┌──
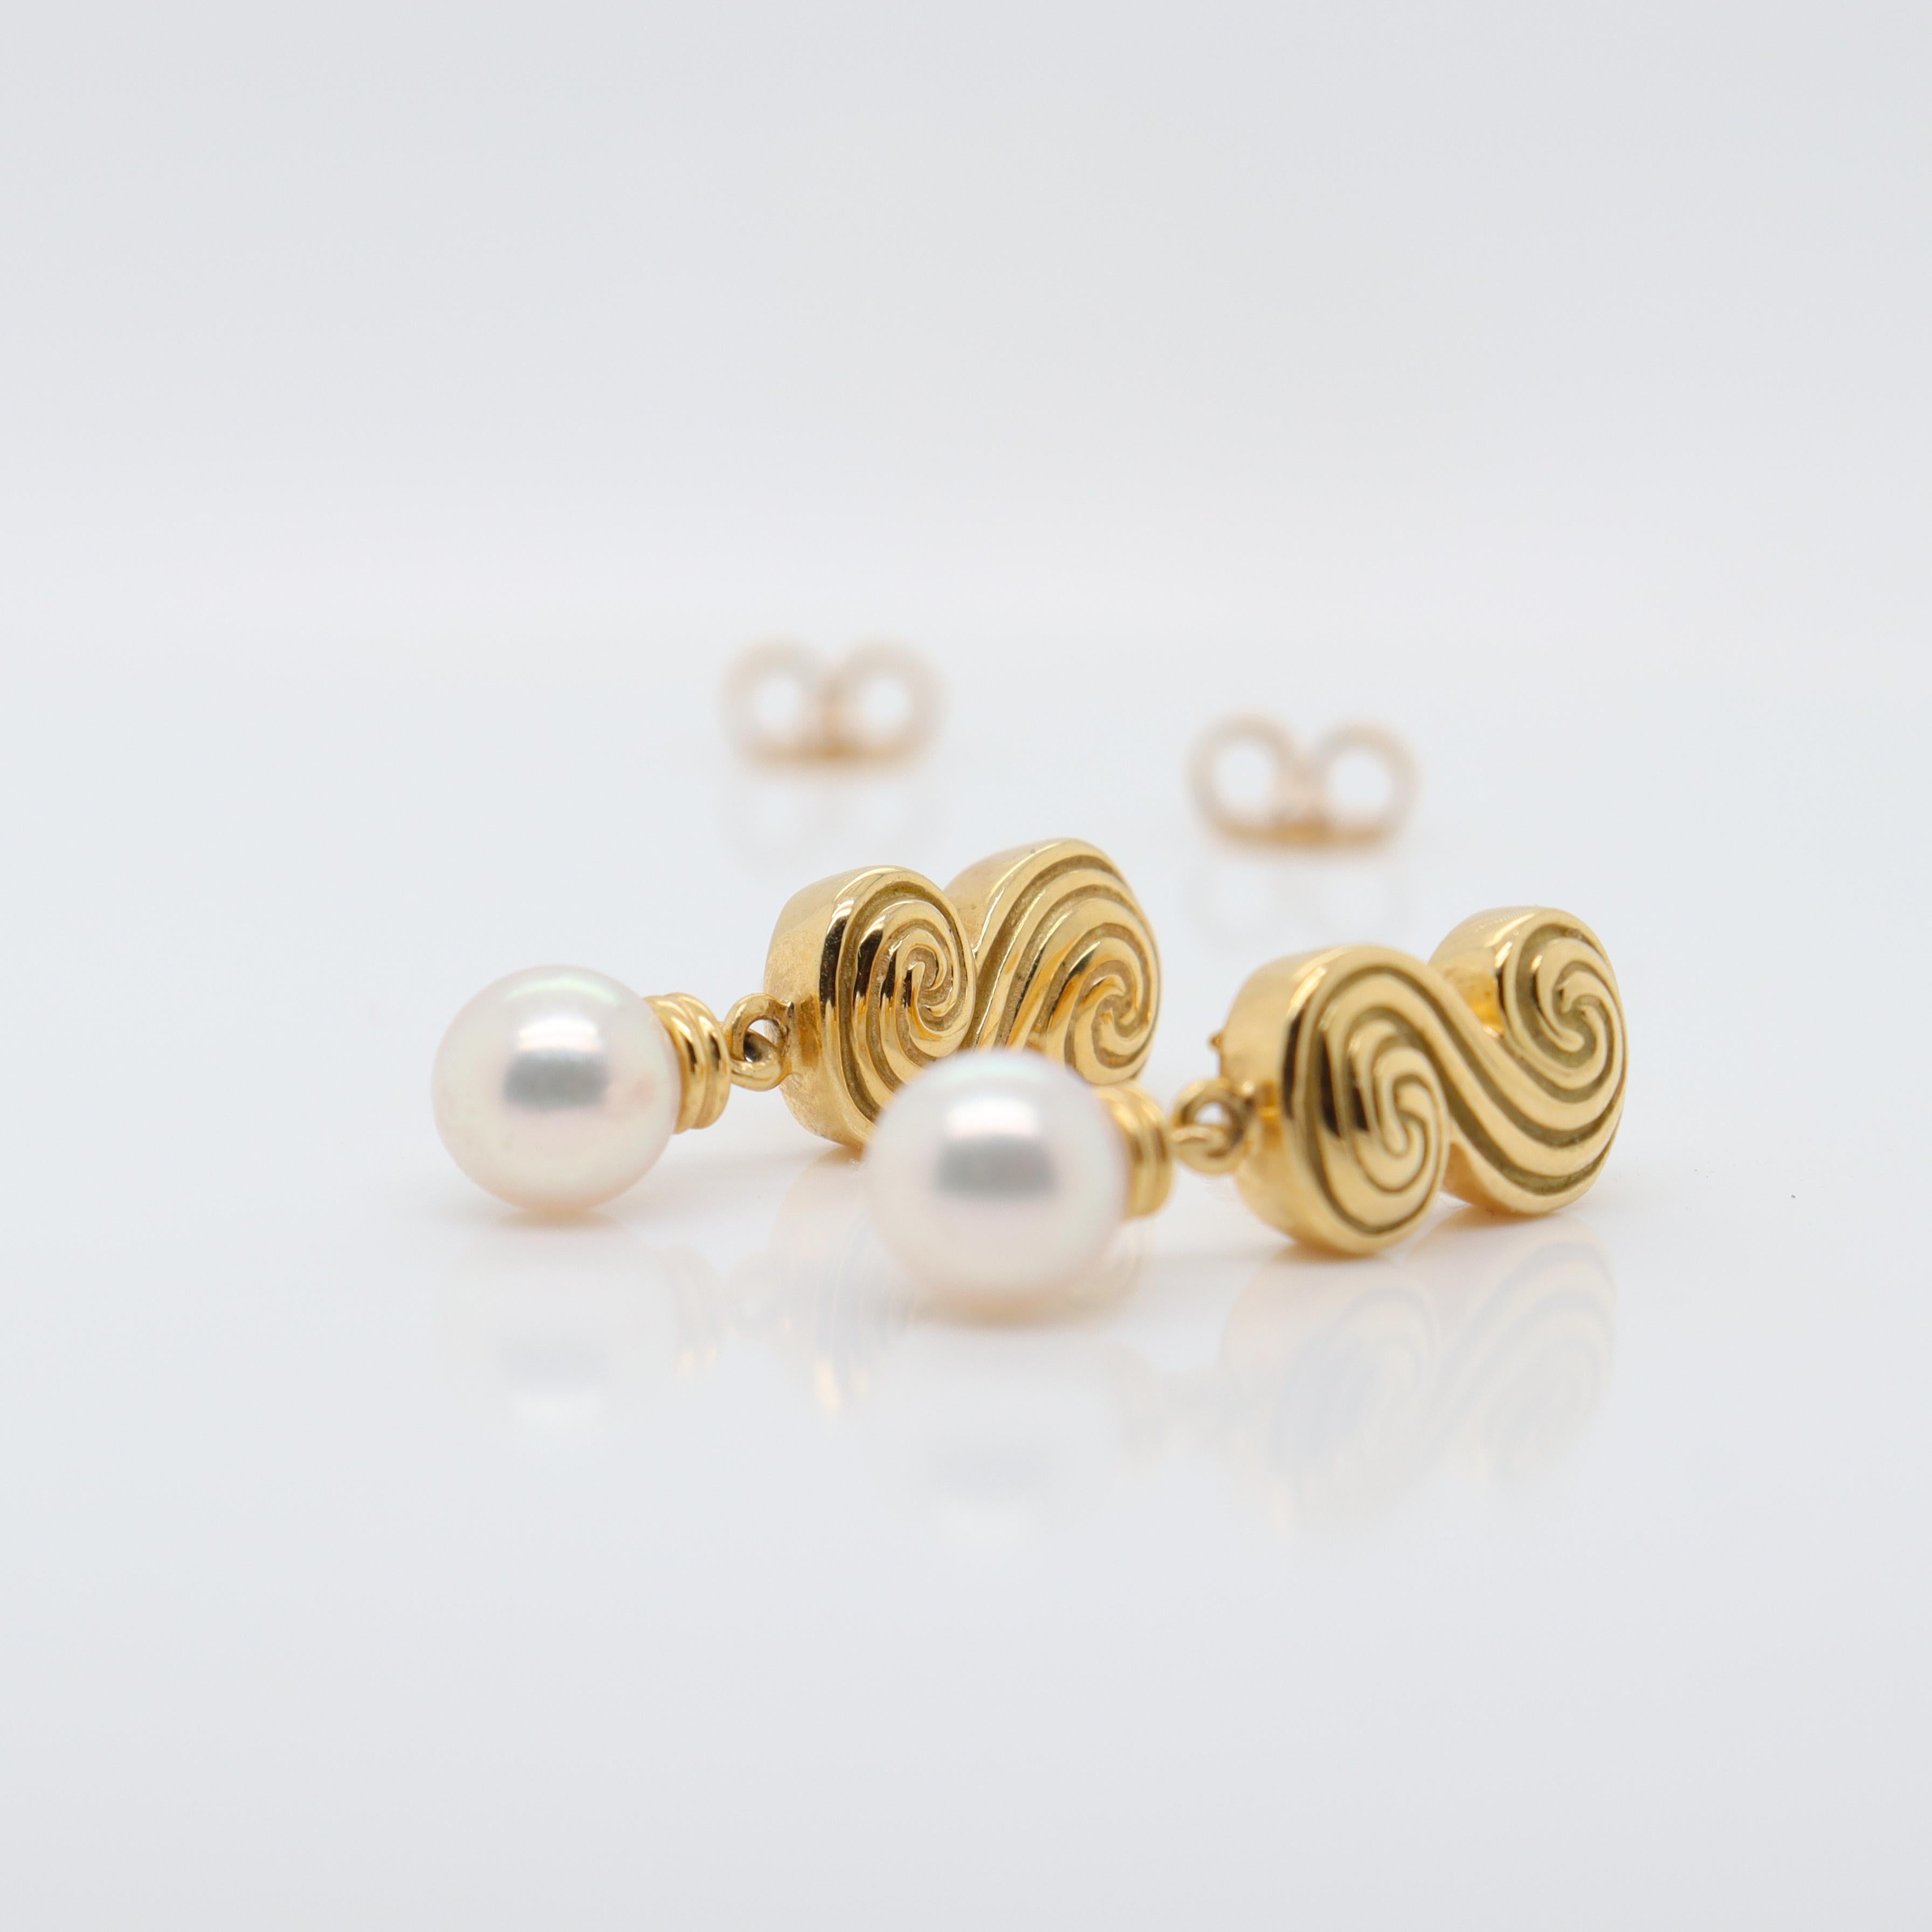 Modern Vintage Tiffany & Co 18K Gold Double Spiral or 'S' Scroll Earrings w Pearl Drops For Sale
└──
┌──
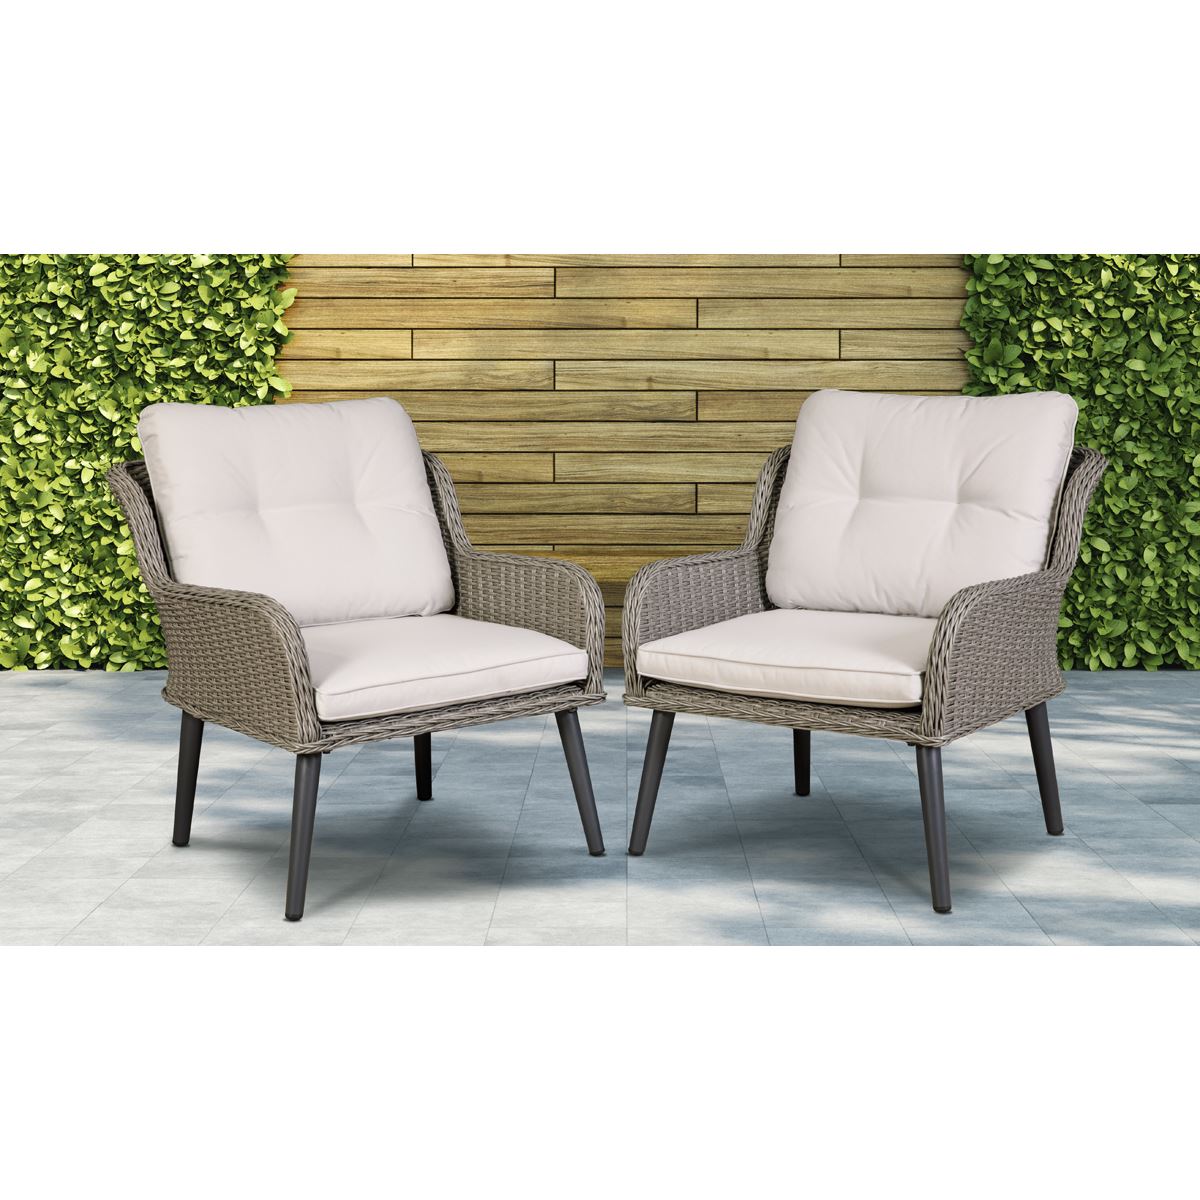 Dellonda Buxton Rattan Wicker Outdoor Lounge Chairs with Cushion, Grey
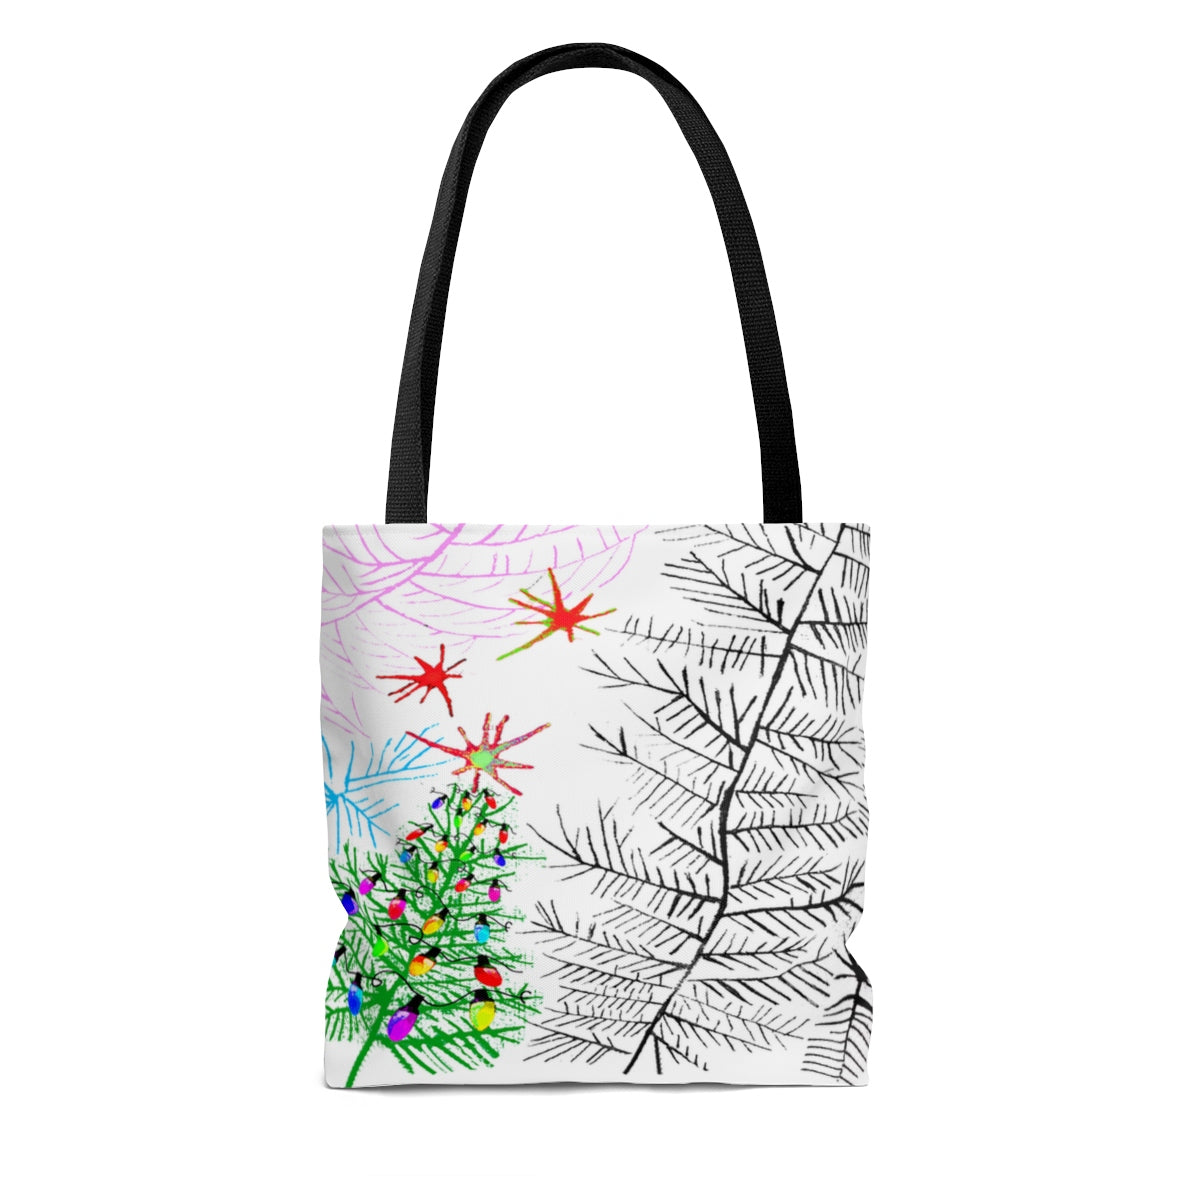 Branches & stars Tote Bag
└──
## Work item:
An exact copy of the lines above from the one with "Dellonda Buxton Rattan" up to and including the one with "Branches & stars Tote Bag" is required; reproduce only those lines, omitting all pictures.

## Written solution:
 Dellonda Buxton Rattan Wicker Outdoor Lounge Chairs with Cushion, Grey
 Branches & stars Tote Bag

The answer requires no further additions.